Miroslav Berić

Personal information
- Born: January 20, 1973 (age 53) Belgrade, SR Serbia, SFR Yugoslavia
- Nationality: Serbian
- Listed height: 2.00 m (6 ft 7 in)
- Listed weight: 95 kg (209 lb)

Career information
- NBA draft: 1995: undrafted
- Playing career: 1990–2007
- Position: Shooting guard

Career history
- 1990–1997: Partizan
- 1991–1992: →Profikolor
- 1997–1999: Tau Cerámica
- 1999–2000: Müller Verona
- 2000–2001: Partizan
- 2001–2003: Scavolini Pesaro
- 2003–2004: Žalgiris
- 2004–2005: Panellinios
- 2005–2006: Azovmash
- 2006: Llanera Menorca
- 2007: Gijón

Career highlights
- FIBA SuproLeague Top Scorer (2001); Spanish Cup winner (1999); 3× YUBA League champion (1995–1997); YUBA League Top Scorer (2001); 2× FR Yugoslavia Cup winner (1994, 1995); Lithuanian League champion (2004); 1× YUBA All-Star (1997);

= Miroslav Berić =

Serbian basketball player (born 1973)

Miroslav "Mića" Berić (Мирослав "Мића" Берић; born January 20, 1973) is a Serbian former professional basketball player. Standing at 2.00 m (6'6 ") tall, he played at the shooting guard position.

==Professional career==
Berić was the top scorer of the 2000–01 FIBA SuproLeague, averaging 23.3 points per game, while playing with Partizan. He also played for Tau Vitoria, Müller Verona, Scavolini Pesaro, Žalgiris, Panellinios, Azovmash, Llanera Menorca and Gijón.

After being without a club for more than a year, Berić announced his retirement from basketball in June 2008.

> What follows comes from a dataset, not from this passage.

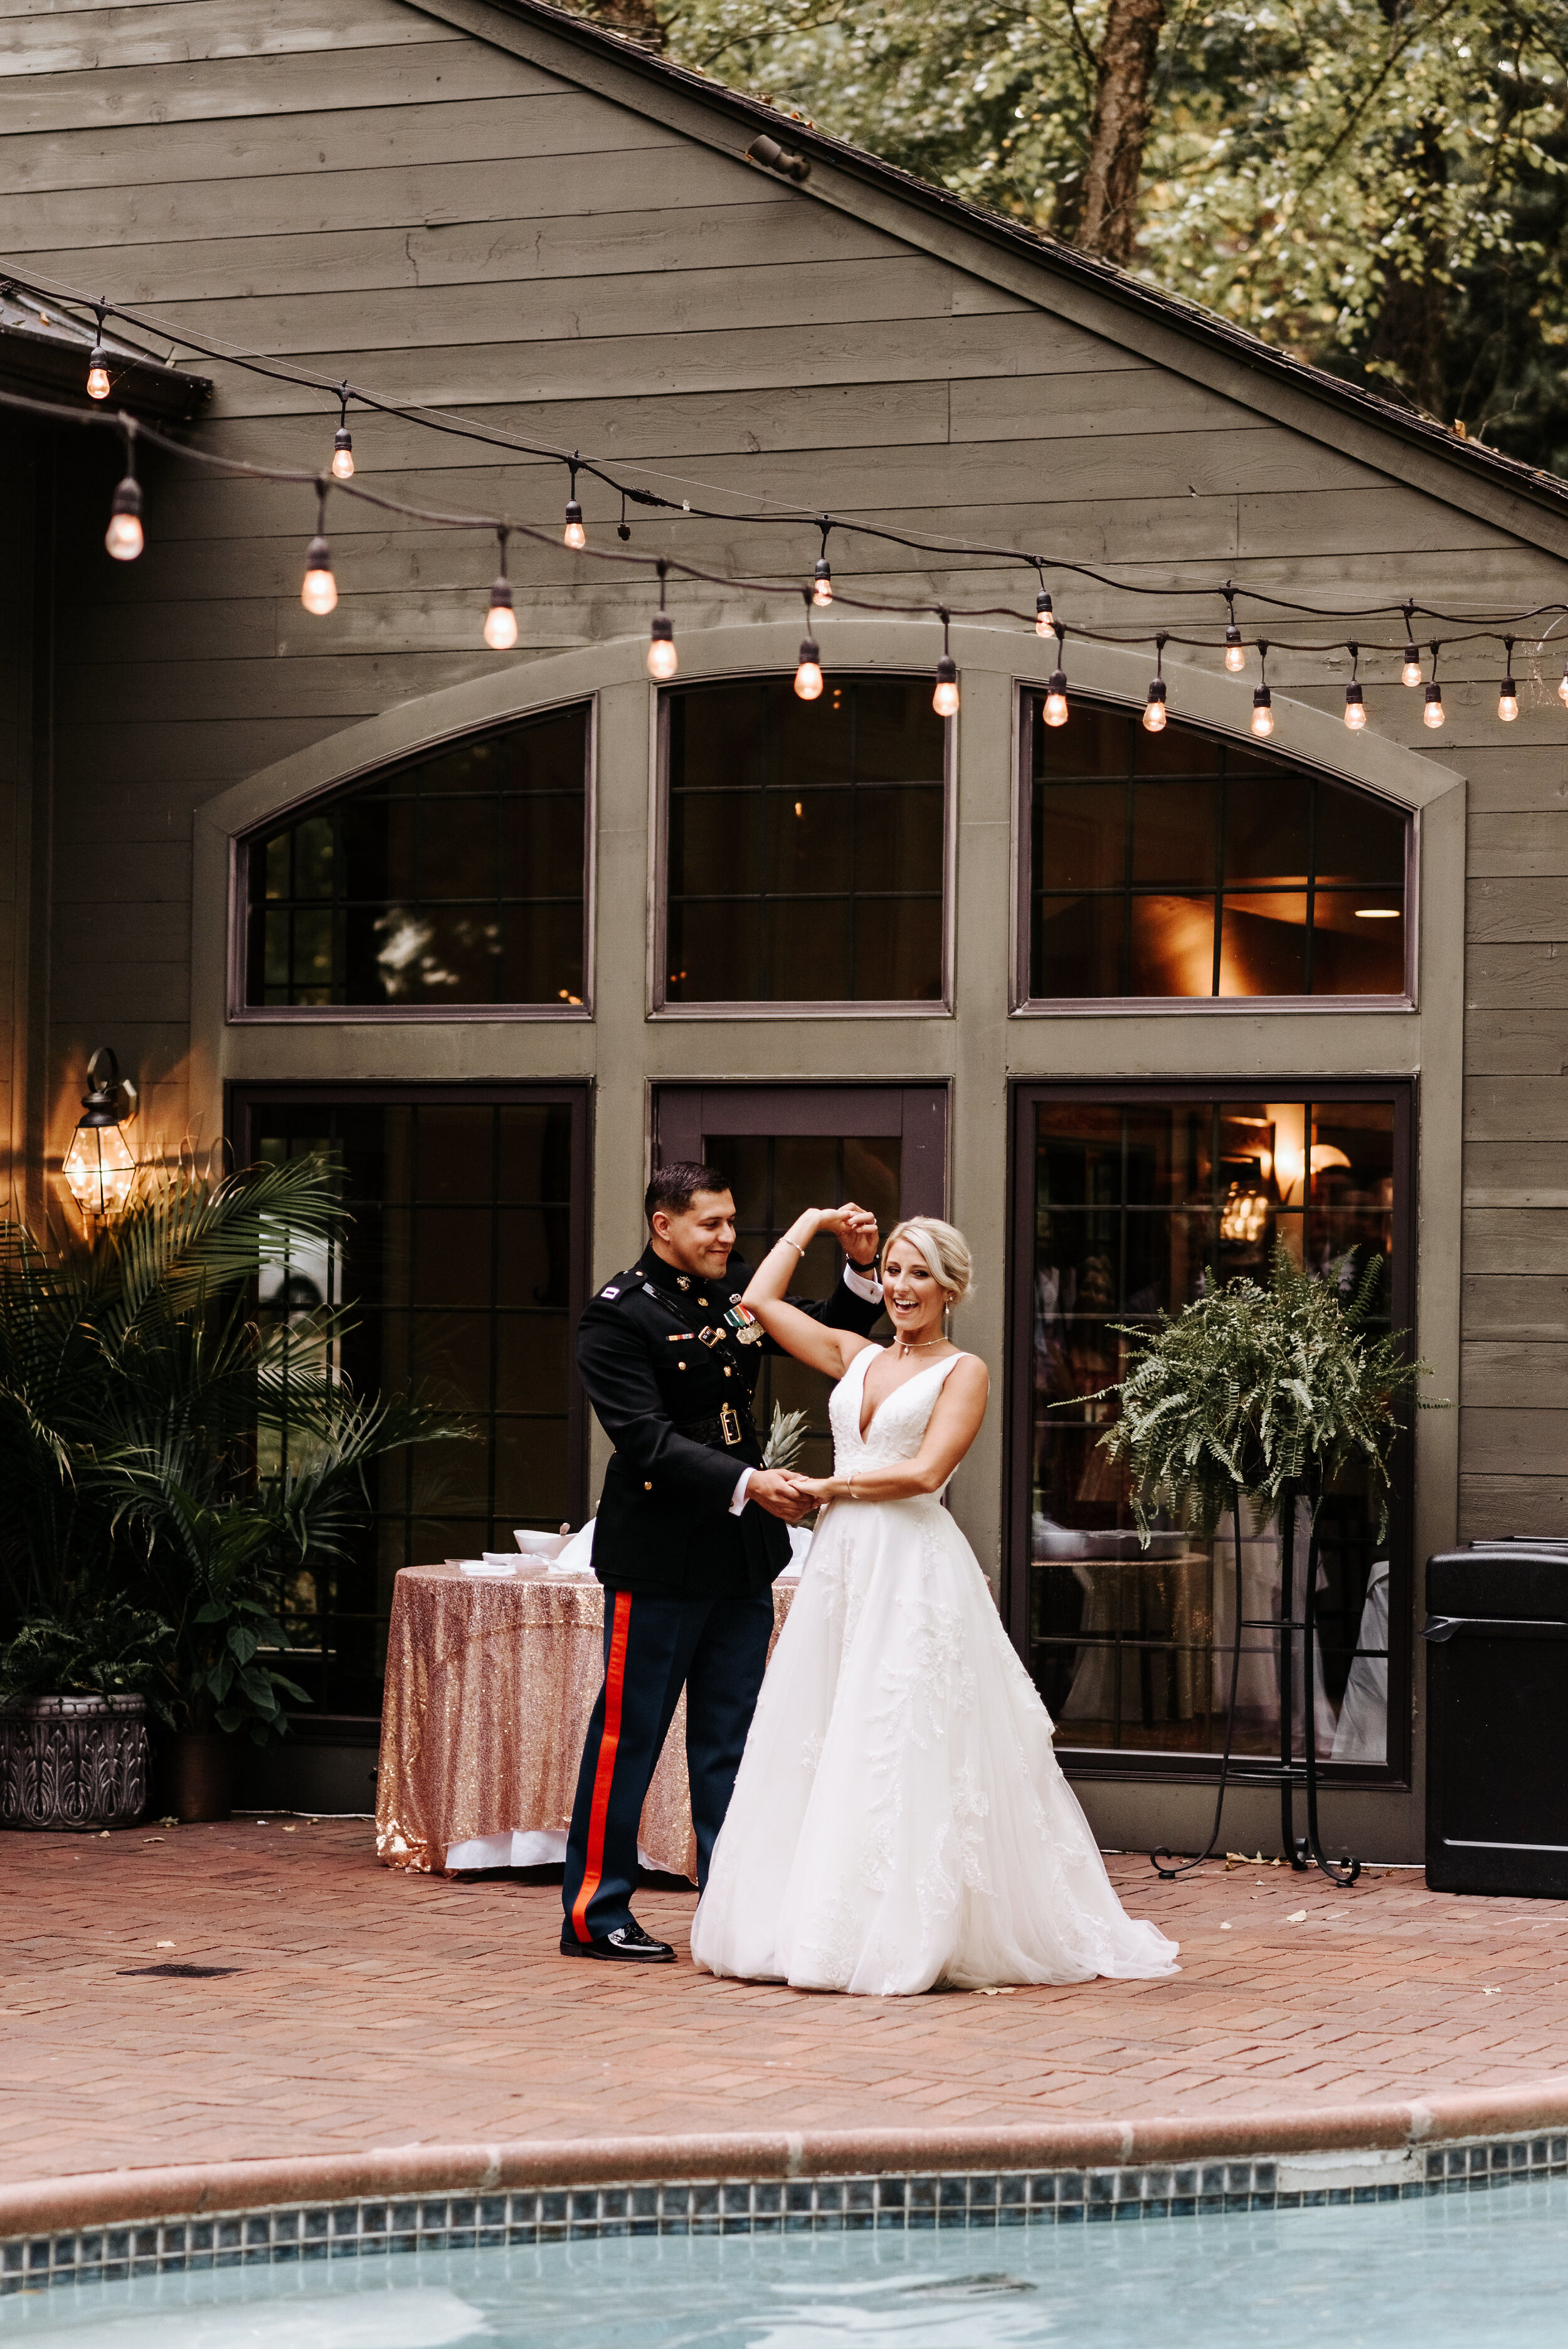 Emily_Mike_Wedding_Celebrations_at_the_Reservoir_Pool_Pavilion_Richmond_Virginia_Wedding_Photographer_Photography_by_V_74.jpg

==Yugoslav national team==
Berić was a regular member of the senior Yugoslav national team, during the 1990s. He won two FIBA EuroBasket gold medals, in 1995 and 1997, as well as the gold medal at the 1998 FIBA World Championship.

==Career statistics==

===EuroLeague===

| Year | Team | GP | GS | MPG | FG% | 3P% | FT% | RPG | APG | SPG | BPG | PPG | PIR |
|---|---|---|---|---|---|---|---|---|---|---|---|---|---|
| 2001–02 | Pesaro | 16 | 11 | 28.6 | .397 | .387 | .807 | 1.6 | 1.9 | .6 | .0 | 13.0 | 10.6 |
| 2003–04 | Žalgiris | 9 | 5 | 23.6 | .500 | .419 | .625 | 1.3 | 1.7 | .3 | .0 | 9.8 | 6.6 |
| Career |  | 25 | 16 | 26.8 | .428 | .396 | .766 | 1.5 | 1.8 | .5 | .0 | 11.8 | 9.2 |

==Post-playing career==
Soon after his retirement, in July 2008, Berić was hired as the team manager of the senior Serbian national team. The hiring took place at the invitation of the team's head coach Dušan Ivković.

He quit the job in 2011.

=== Political engagement ===
Berić participated in the 2023 Belgrade City Assembly election as a candidate of the Serbia Against Violence opposition coalition and was elected to the City Assembly.